[Saved data entries]

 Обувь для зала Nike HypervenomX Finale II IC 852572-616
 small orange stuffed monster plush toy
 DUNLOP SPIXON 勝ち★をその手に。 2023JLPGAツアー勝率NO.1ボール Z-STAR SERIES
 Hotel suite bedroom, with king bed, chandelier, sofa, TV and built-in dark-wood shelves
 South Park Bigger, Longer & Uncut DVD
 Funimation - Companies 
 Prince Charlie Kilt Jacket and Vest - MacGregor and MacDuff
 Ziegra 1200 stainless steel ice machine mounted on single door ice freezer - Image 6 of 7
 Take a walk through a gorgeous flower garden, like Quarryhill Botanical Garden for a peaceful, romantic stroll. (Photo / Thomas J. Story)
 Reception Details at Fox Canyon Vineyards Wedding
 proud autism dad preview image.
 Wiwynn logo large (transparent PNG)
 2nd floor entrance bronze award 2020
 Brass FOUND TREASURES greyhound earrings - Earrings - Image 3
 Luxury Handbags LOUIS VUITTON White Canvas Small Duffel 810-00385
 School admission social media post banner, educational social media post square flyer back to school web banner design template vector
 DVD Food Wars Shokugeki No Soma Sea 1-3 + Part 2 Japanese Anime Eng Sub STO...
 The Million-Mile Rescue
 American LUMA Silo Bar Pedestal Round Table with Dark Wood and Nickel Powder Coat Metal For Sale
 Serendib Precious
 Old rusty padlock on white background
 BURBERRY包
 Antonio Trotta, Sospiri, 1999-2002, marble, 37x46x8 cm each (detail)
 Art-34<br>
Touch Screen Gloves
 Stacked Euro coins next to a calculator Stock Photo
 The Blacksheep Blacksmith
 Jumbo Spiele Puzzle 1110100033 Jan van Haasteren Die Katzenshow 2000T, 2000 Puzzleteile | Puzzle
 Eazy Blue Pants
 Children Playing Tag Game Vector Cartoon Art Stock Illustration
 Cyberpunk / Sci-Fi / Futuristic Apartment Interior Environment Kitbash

### Goal of the exercise
Extract exactly and only the lines above from the line containing "Antonio Trotta, Sospiri, 1999-2002, marble, 37x46x8" through the line containing "Children Playing Tag", both end lines included.

### Task response
 Antonio Trotta, Sospiri, 1999-2002, marble, 37x46x8 cm each (detail)
 Art-34<br>
Touch Screen Gloves
 Stacked Euro coins next to a calculator Stock Photo
 The Blacksheep Blacksmith
 Jumbo Spiele Puzzle 1110100033 Jan van Haasteren Die Katzenshow 2000T, 2000 Puzzleteile | Puzzle
 Eazy Blue Pants
 Children Playing Tag Game Vector Cartoon Art Stock Illustration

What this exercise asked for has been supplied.